The same vote would have killed off Wildrose’s opposition to closed shops. Yet all forms of closed shops are strictly illegal in the United Kingdom.

I have to agree with one of the above posters that a party that views our current government as “socialist” must place itself pretty far along the right-wing spectrum. In another connection, Ms. Smith’s apparent disdain for economic diversification–in an interview she suggested that research into nano-technology is silly if it doesn’t benefit the oil industry–suggests that the WRA, like the incumbent tories, is committed to keeping this province one big company store.

One point WRT the WRA party and ‘hidden agendas’. Alberta has a long history of new parties emerging, only to be hijacked by the reactionary conservatives.

Until the WRA has been around a while, and shows itself to be unambiguously not dominated by the extremists, I think Albertans are quite right to be skeptical.

The recent policy convention outcomes were a (relatively) promising start, but far from enough to convince me that the hard-liners aren’t still working to drag the party further to the far right.

Skeptically yours…

I was at the AGM last weekend, and am still amazed at the obsession some party members hold with creating a media friendly policy handbook.

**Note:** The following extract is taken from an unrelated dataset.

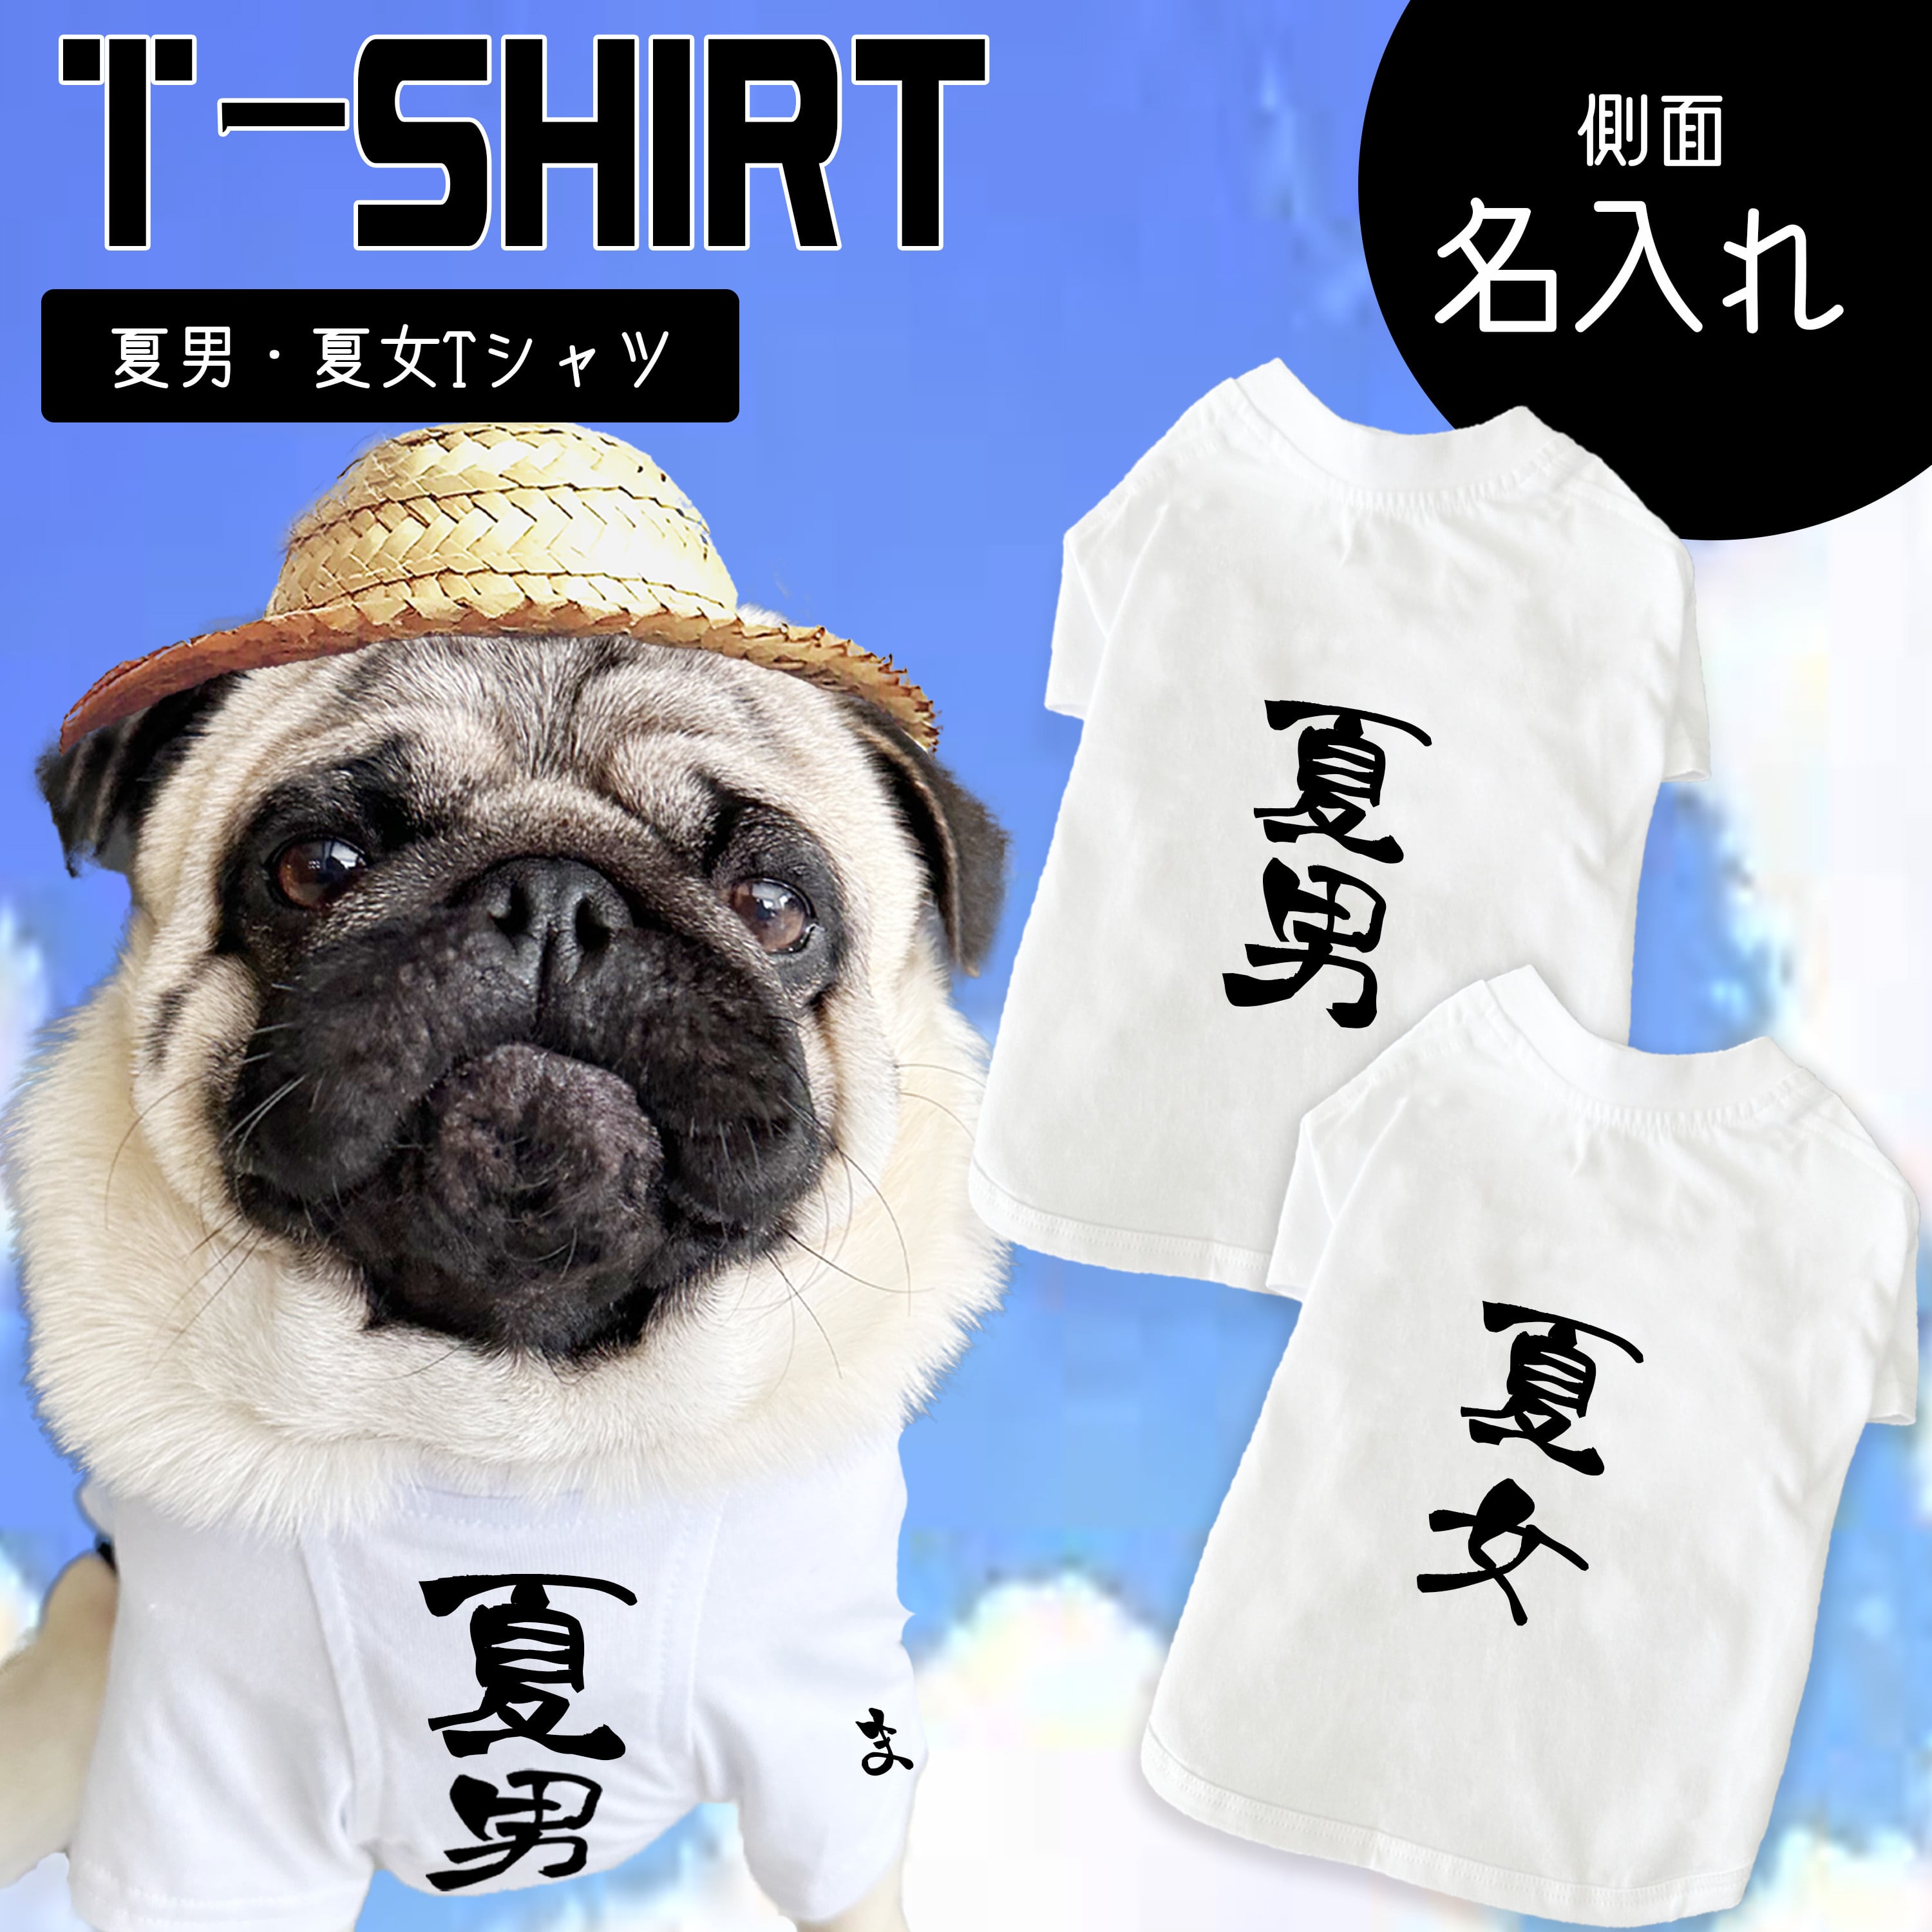 夏男 夏女 Tシャツ【Tシャツ】名入れ 白 Tシャツ おもしろ 犬用 夏服

When we were discussing the resolution on firearms, a fellow expressed his disapproval, not on principal, but because of how it might appear in the press. The party shouldn’t be focusing on making itself appear amenable to the press, but on developing the policies responsible for its initial success.

The policies the WAP stood for offered a valuable voice in the political dialogue. You’d be hard pressed to find an Albertan not supportive of more accountability and transparency in government. While we disagree on the specifics of education and health care policy, we all desire a system that works.

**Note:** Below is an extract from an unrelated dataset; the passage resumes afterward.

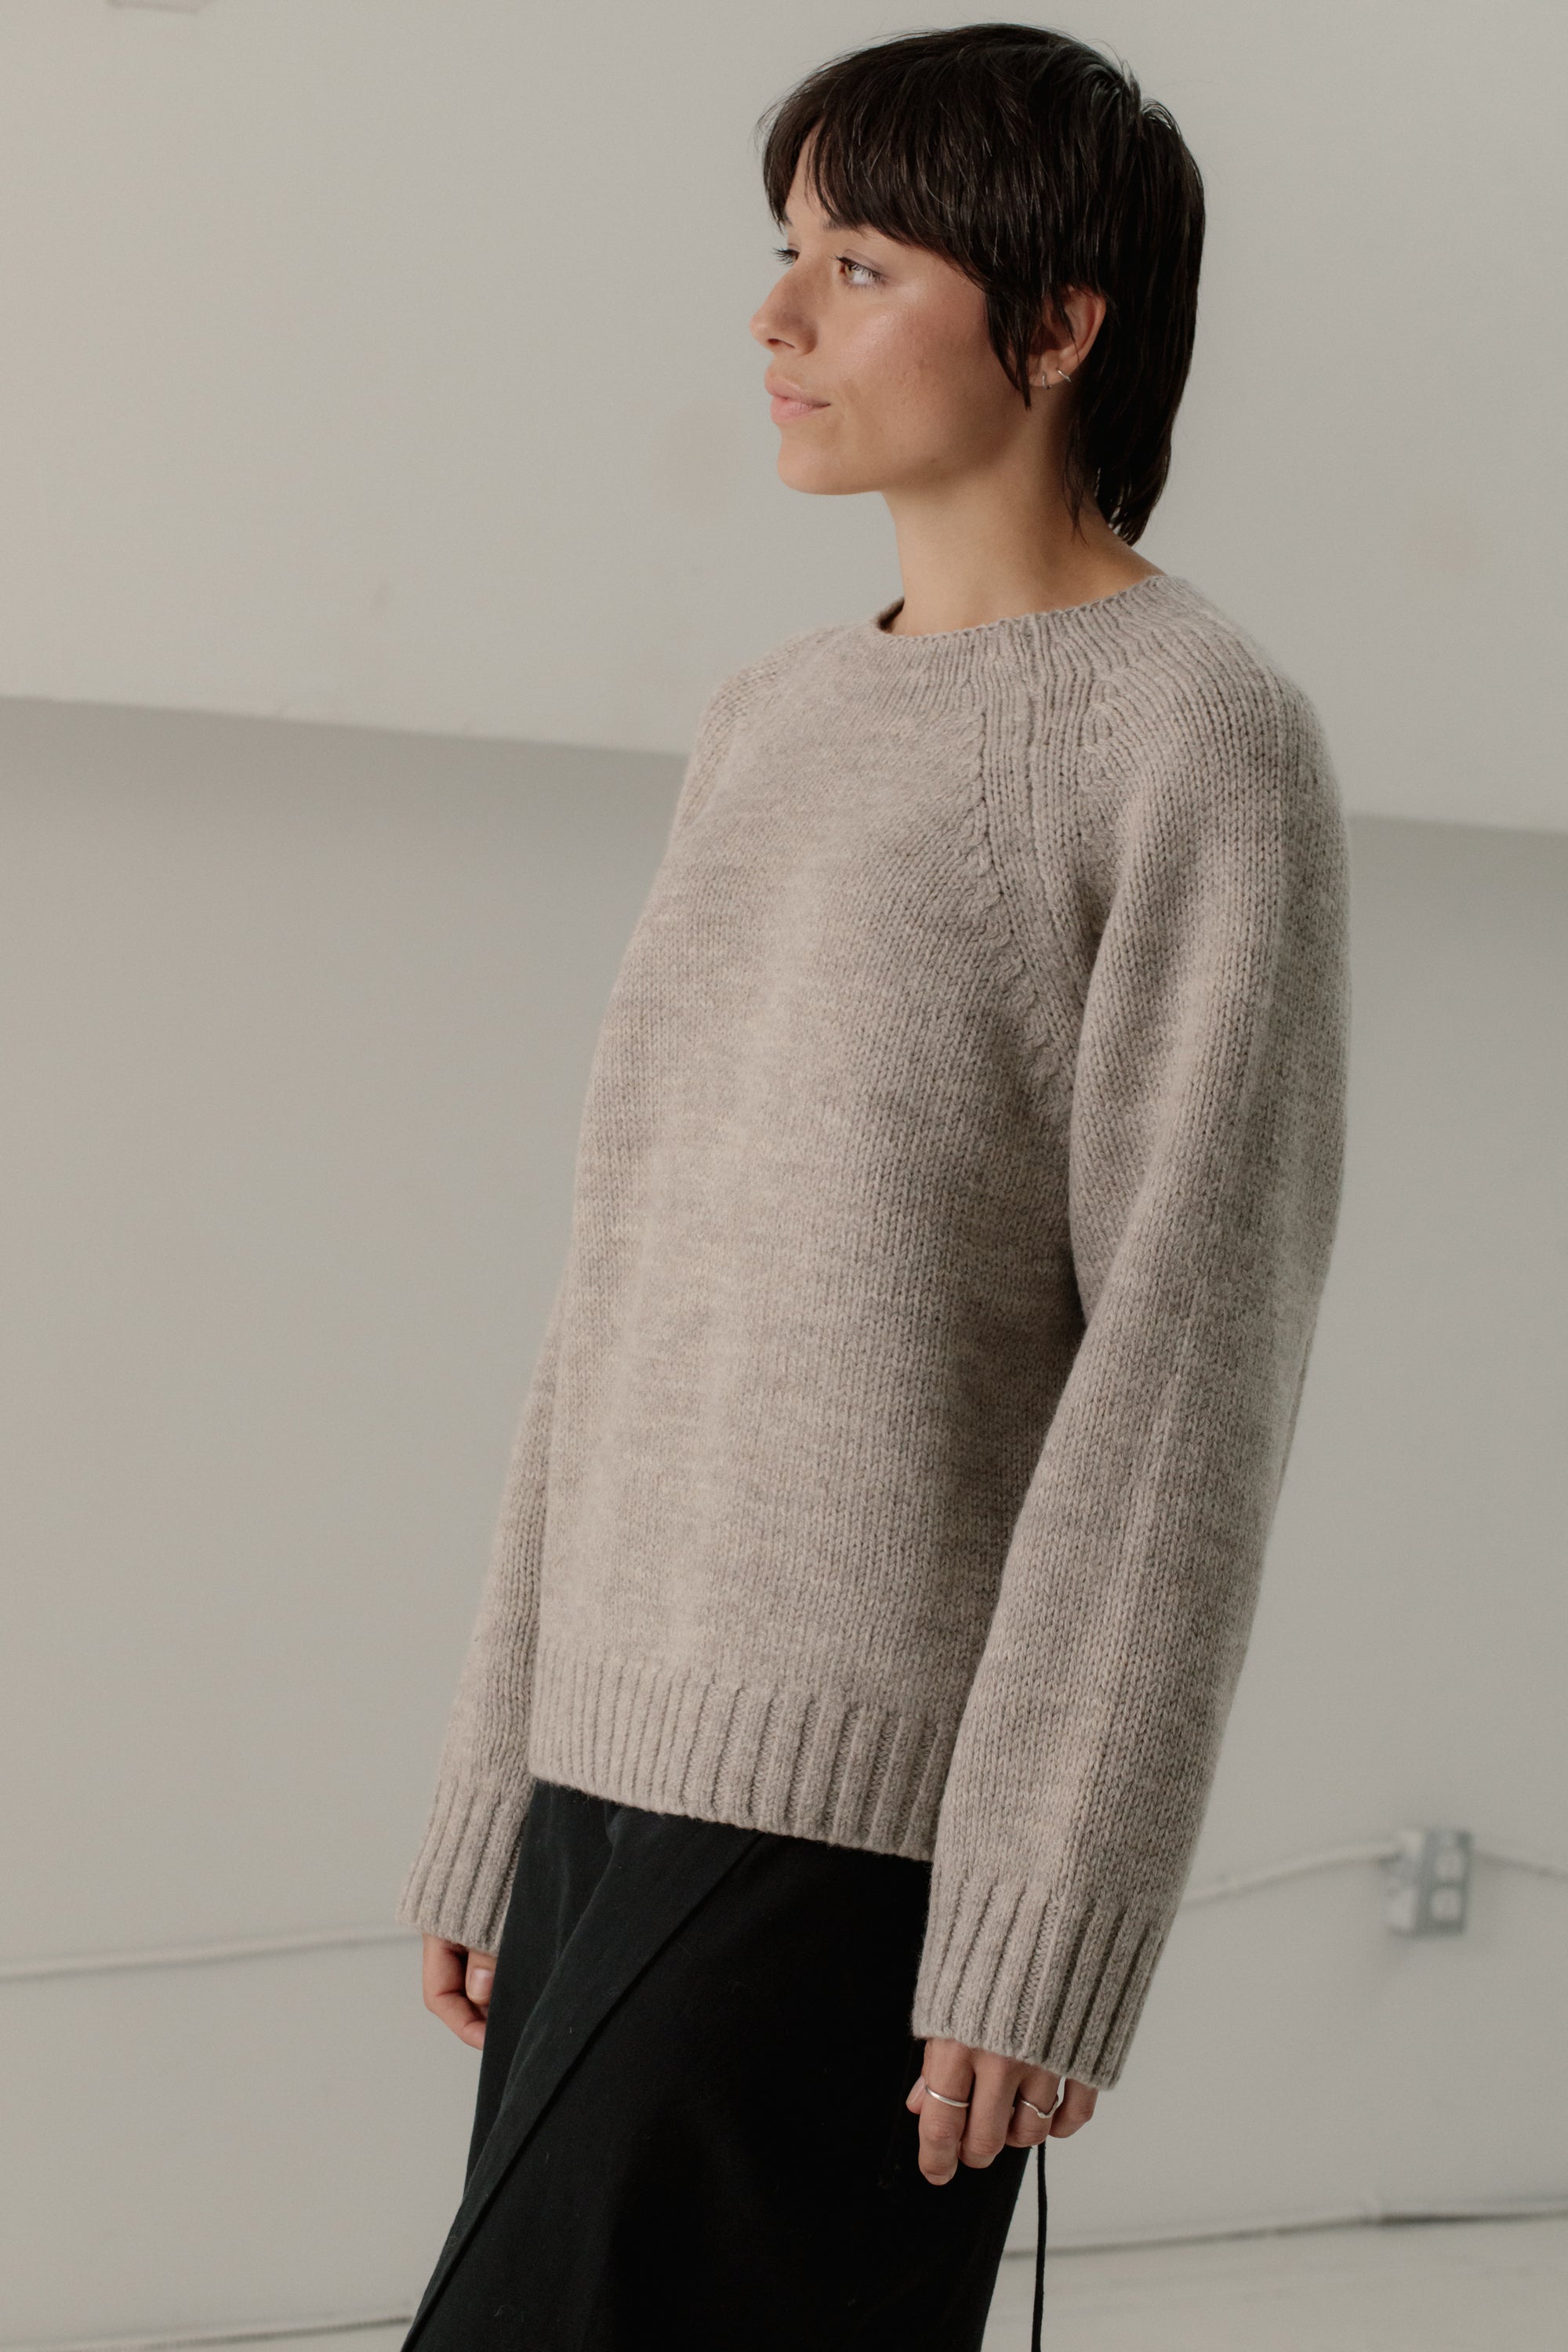 Bare Knitwear Channel Sweater / Driftwood

Honest debate will offend voters, but that is the cost of doing business. Voters with strong opinions are more likely to show up and cast their ballot.
I’d rather lose an election with 90% voter turnout built on involved debate, than win a race with 45% turnout. WAP should be proud of what it stands for, and seek to offer a constructive voice.

Reboot Alberta has been successful because it has provided a way for people to actively involve themselves in the democratic process. If they aren’t successful in creating another functioning party on the center-left, I’d love to see the movement promoting democratic involvement.

Completely behind the times here, but re. the “Joe Albertan” thing…

WHY in the name of Sweet Baby Jesus is everyone fighting over the rights to the village idiot? Anyone who hasn’t read the Joe Albertan blog owes it to themselves to do so, if only to experience firsthand why an IQ test should be mandatory prior to the purhchase of a computer.

ThatCrazyCanuck,

While I strongly disagree with many WAP positions, and have what I consider to be legitimate skepticism towards how a WAP government would govern in practice, I also greatly respect the tone and spirit of your comment. Kudos.